SPACE AND COSMIC RAY PHYSICS ONLINE SEMINAR

University of Maryland
4:30 PM Monday, October 2, 2023
Talk Recording

Peter H. Yoon
IPST, University of Maryland

Analysis of Jovian Radio and Plasma Waves Detected by Juno (one of four NASA’s New Frontiers Program Missions)

NASA’s New Frontiers Program aims to explore planetary science problems with top priorities identified by the community. New Horizons (mission to Pluto), Juno (Jupiter mission), OSIRIS-REx (asteroid), and Dragonfly (Saturn’s moon Titan) are competitively selected. Under the collaborative research effort between the University of Maryland and University of Iowa, and supported by NASA’s New Frontier Data Analysis Program, we have begun to analyze the radio and plasma wave data taken by Juno.
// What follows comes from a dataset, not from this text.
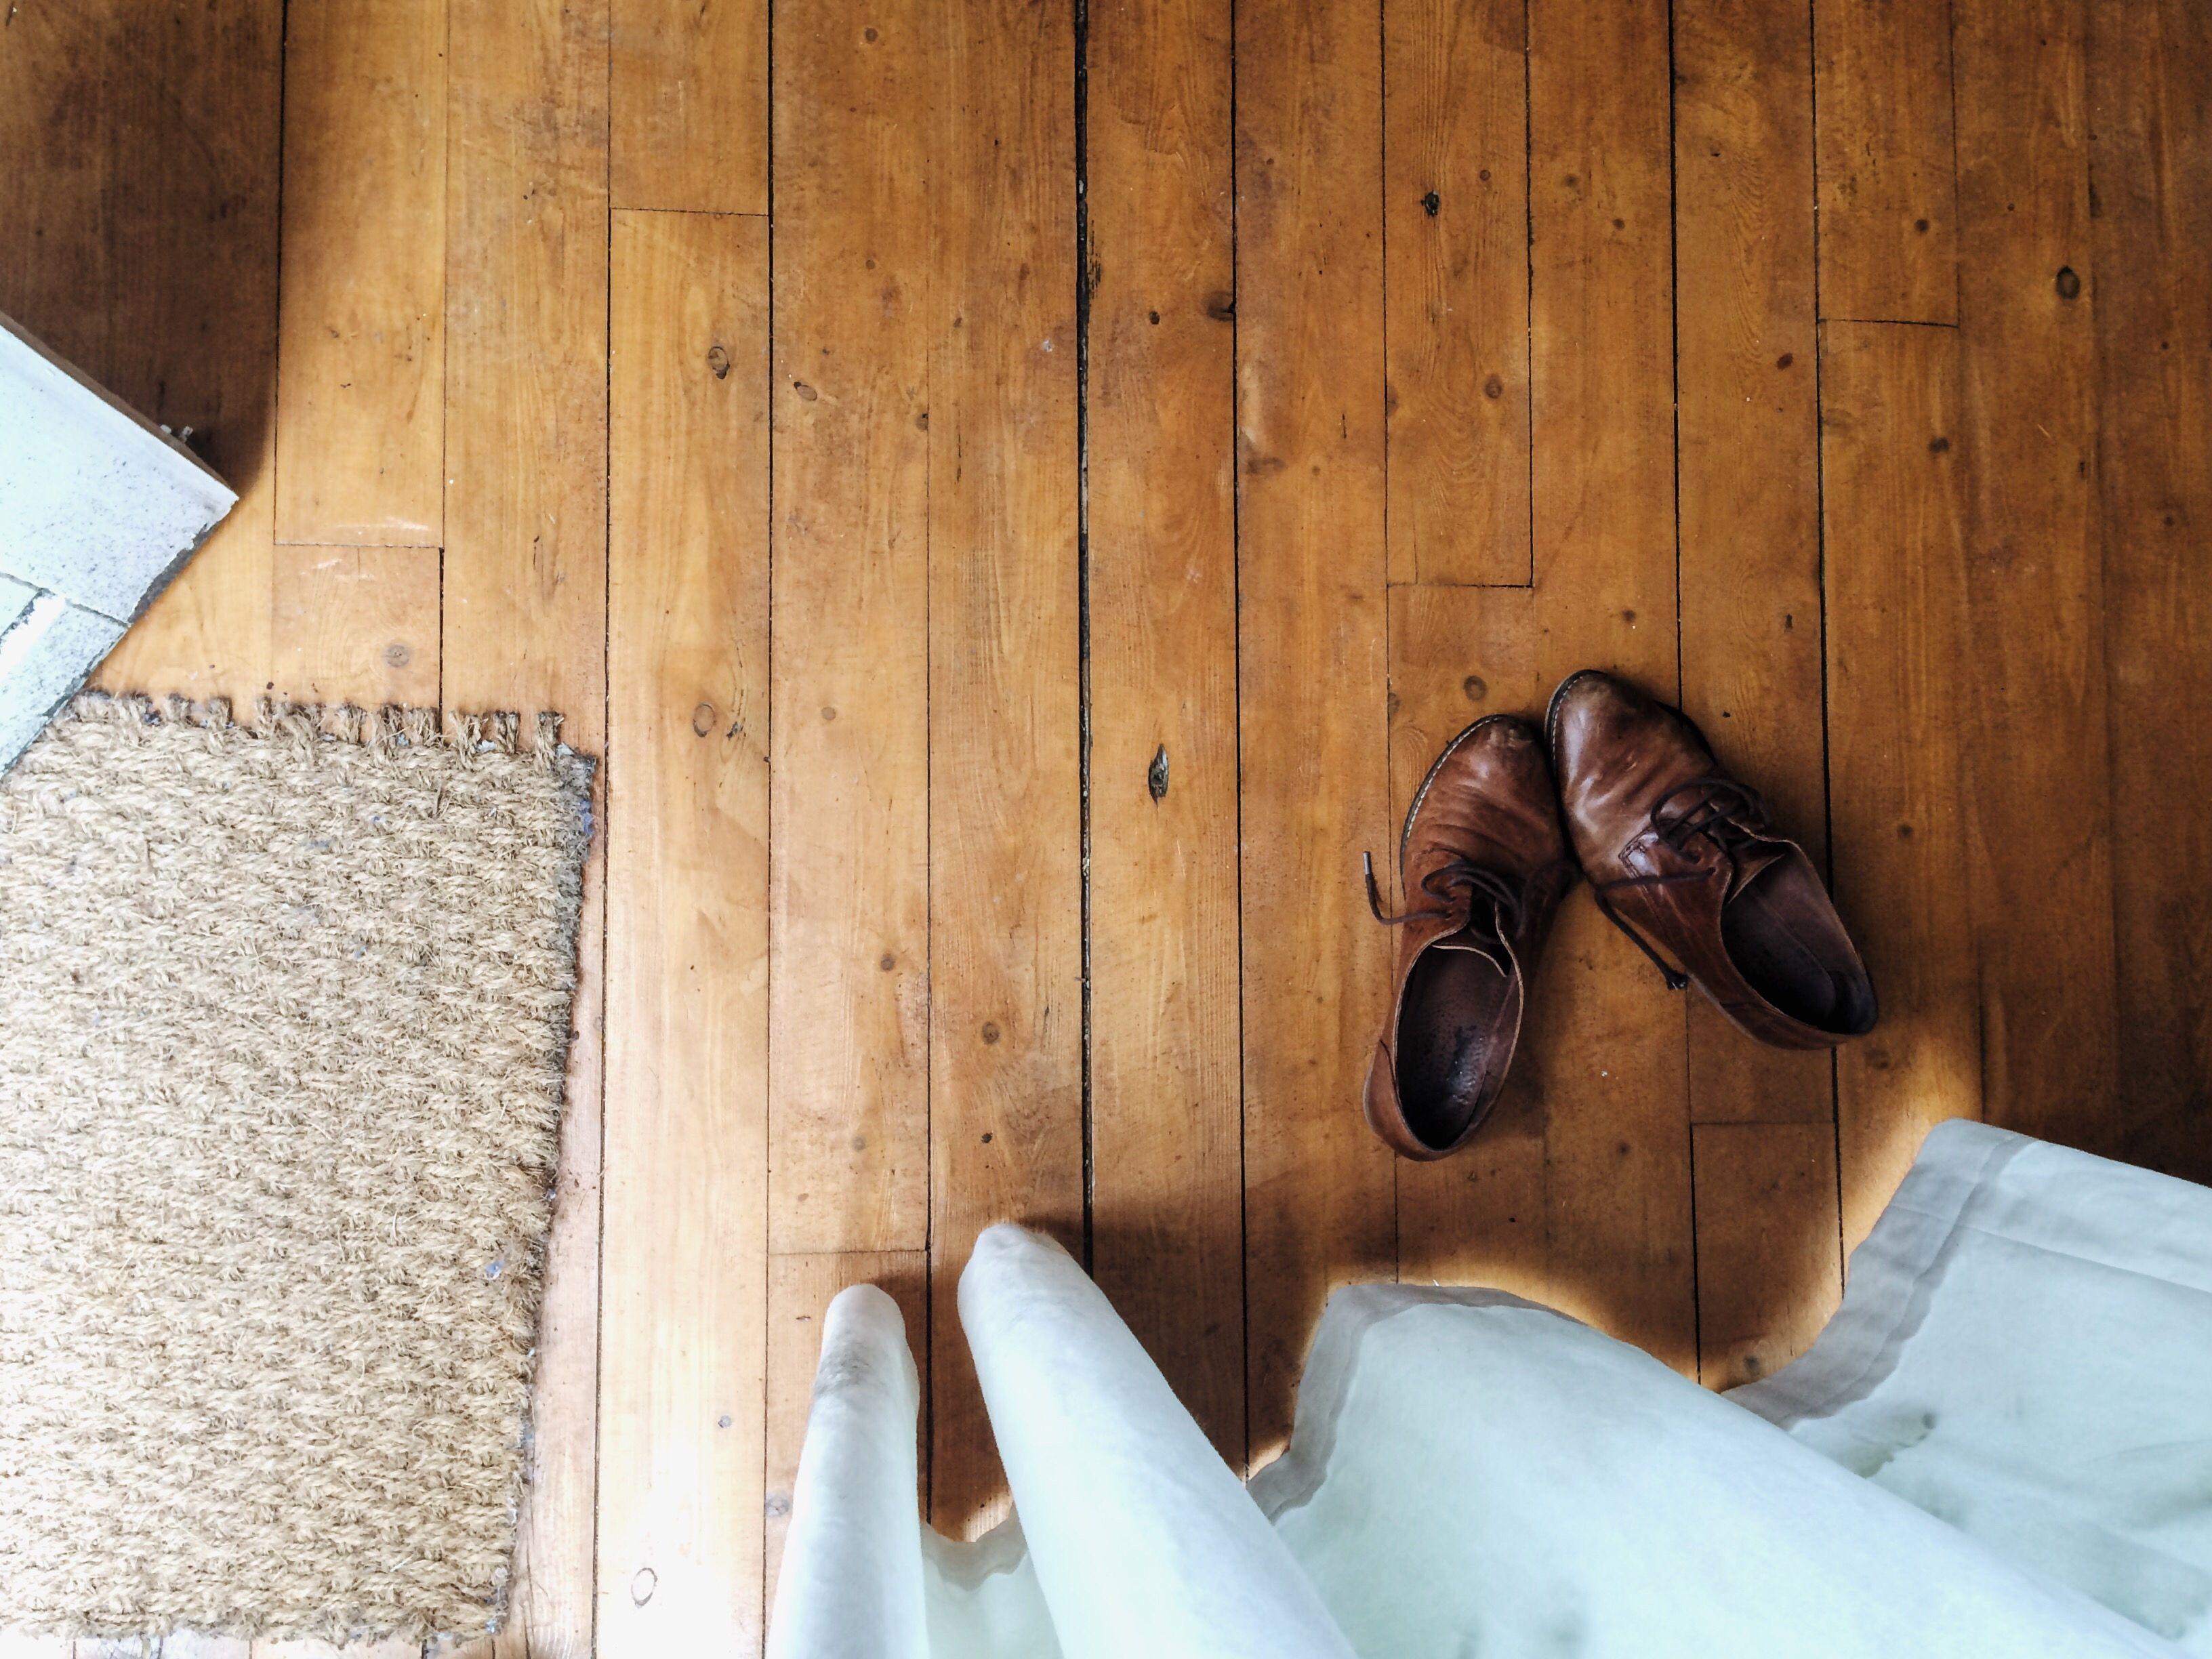 Zapatos de cuero marrón en el piso de la casa
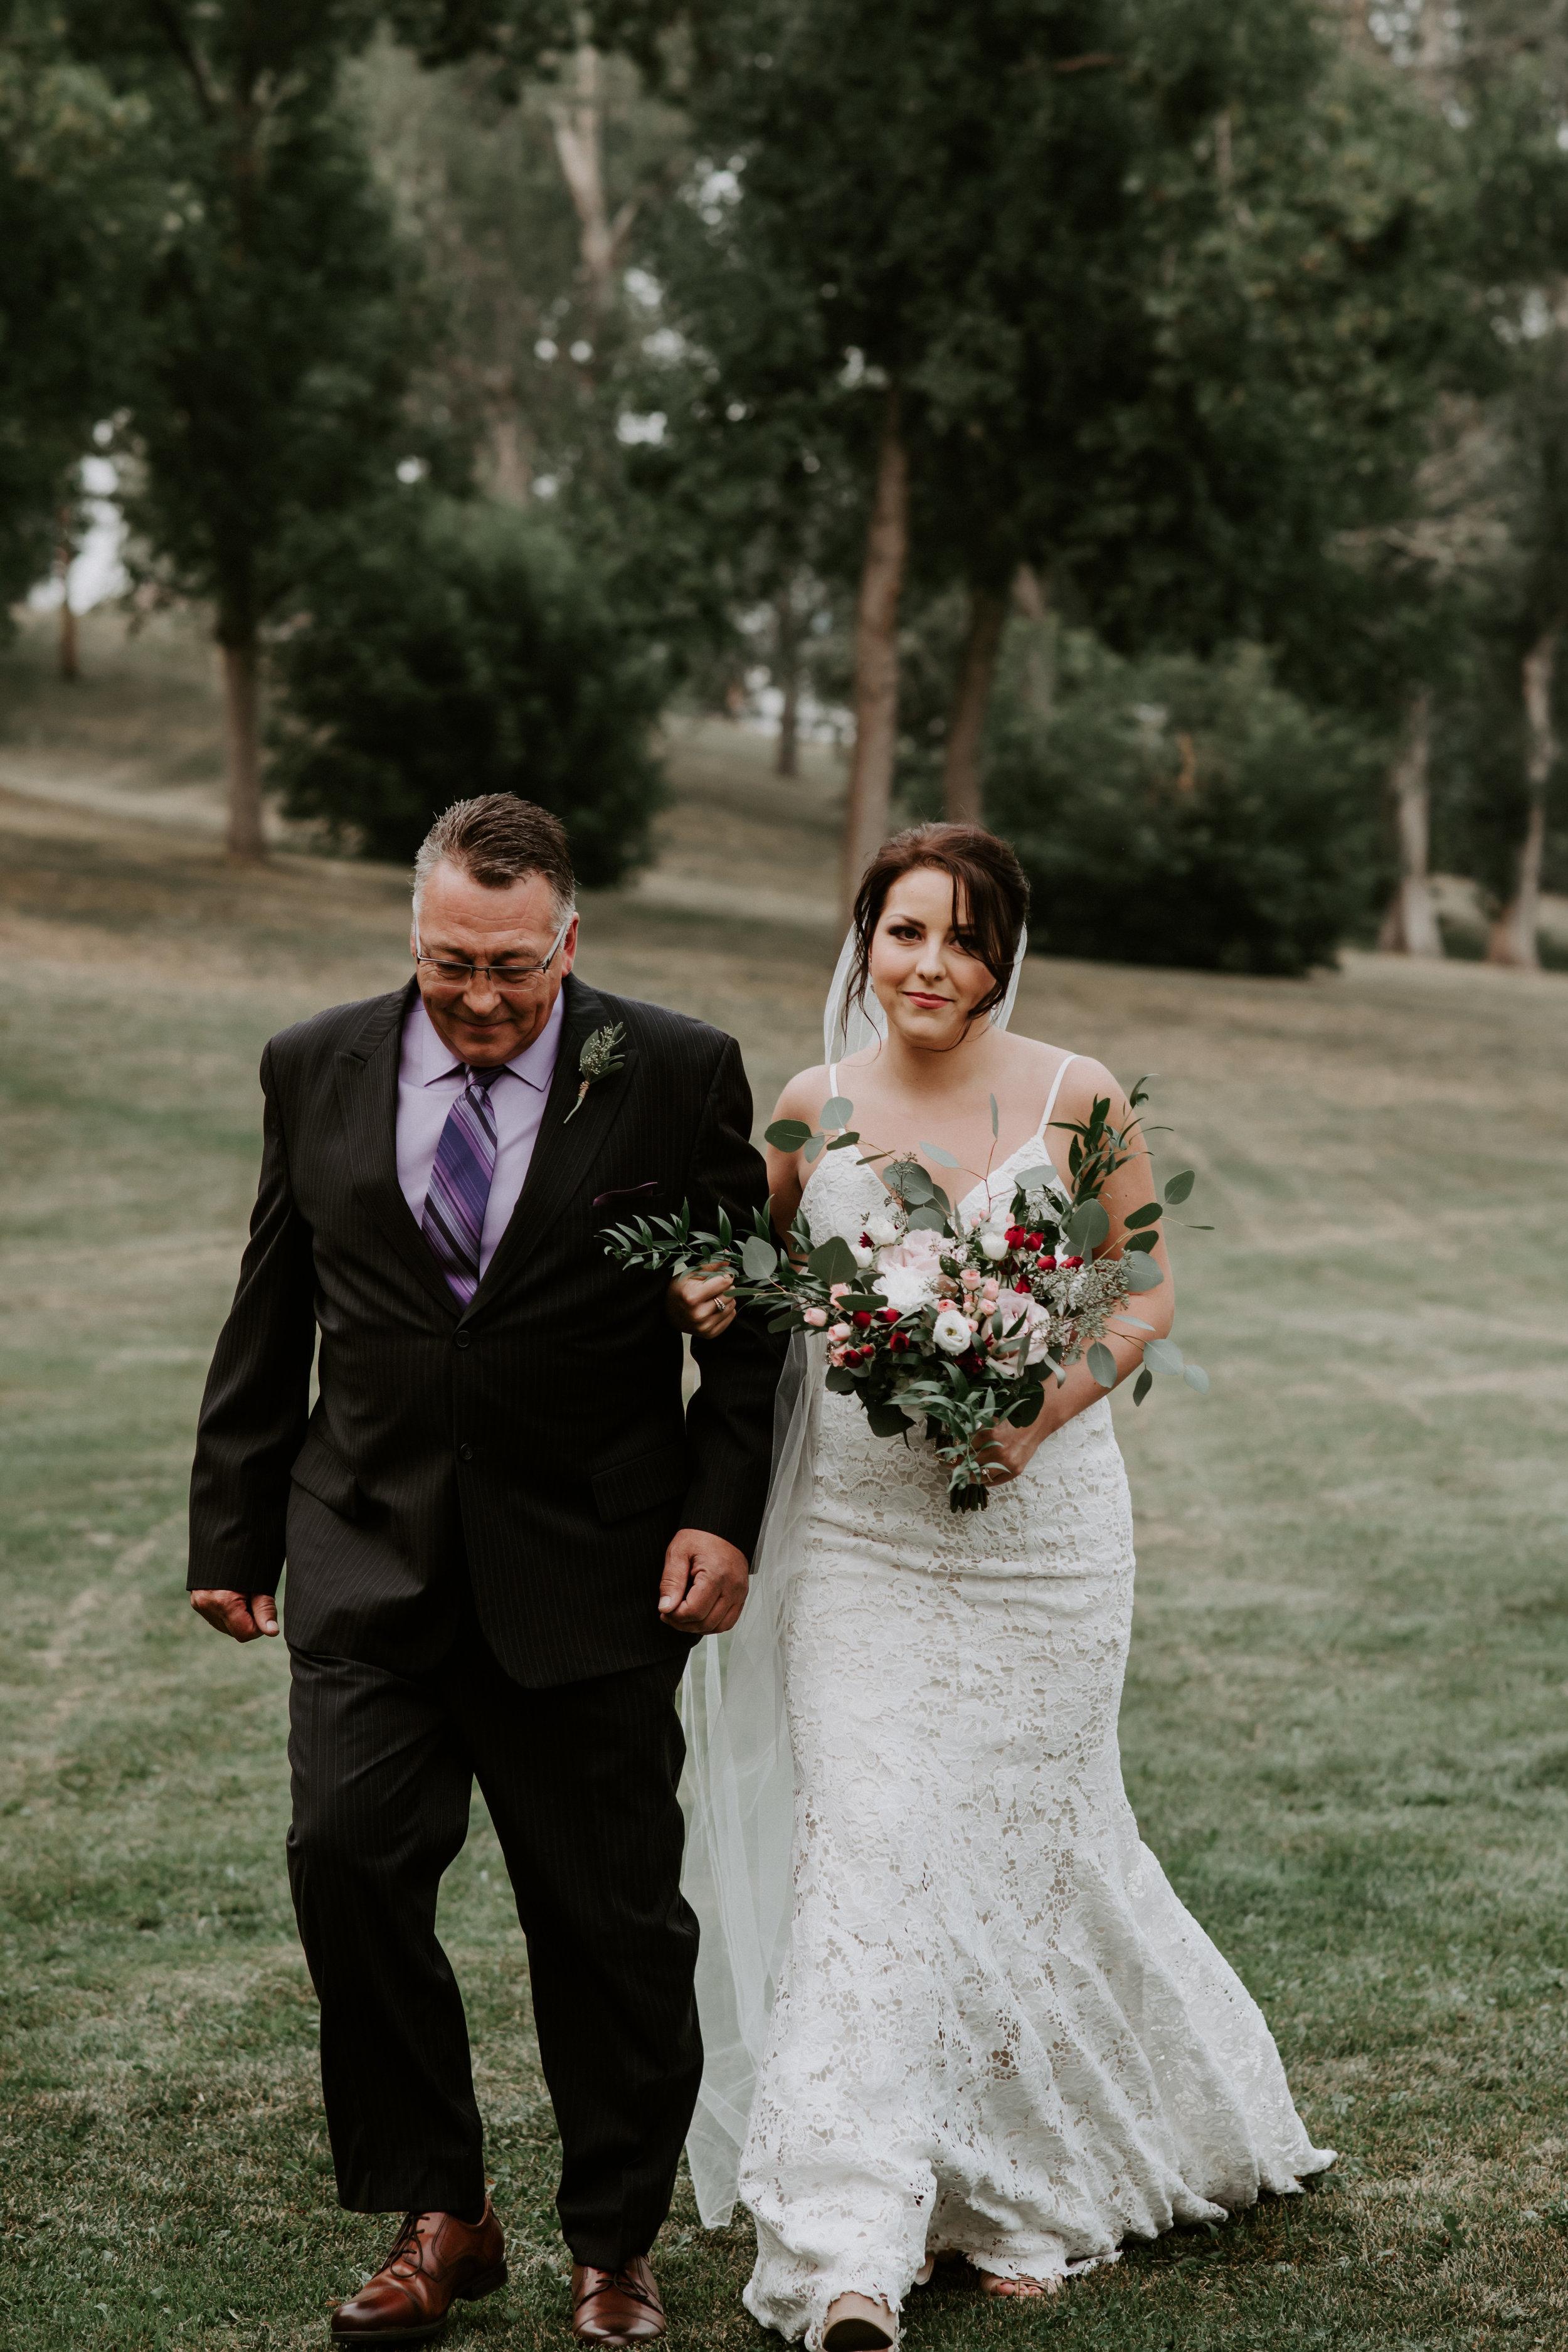 Calgary Wedding Photographer - 22 of 84.jpg

This talk will overview our research by first outlining some fundamental plasma theory of waves in the magnetized plasma environment. It is well known that radio and plasma wave emissions take place in various magnetized planetary magnetospheres including the Earth’s auroral zone and magnetosphere (e.g., Auroral Roar, MF Bursts, Auroral Kilometric Radiation or AKR) as well as in other planetary environments such as Jupiter’s and Saturn’s magnetosphere. Recently, plasma wave activities were detected even in the unmagnetized planet Mars. Modeling these radio and plasma wave emissions involve the theory of magnetoionic modes (X, O, W, and Z) and the study of their growth conditions. In the past, various linear growth analyses involving X, O, Z, and W modes have been carried out, and quasilinear transport theory with model wave intensities have been successfully employed for electron acceleration and loss processes in the context of the radiation belt physics. In our recent work, we also adopted the quasilinear wave analysis to analyze the Juno data, but unlike the customary approaches widely adopted in the radiation belt community, our approach is self-consistent in that the spectral wave intensity is calculated self-consistently rather than imposed as given. By employing such a method, recent works successfully reproduced the whistler wave dynamic spectrum and a combined spectra made of ordinary mode EM waves and upper-hybrid (Z) mode waves detected by NASA’s Juno spacecraft, thus enhancing the scientific return of the New Frontiers mission.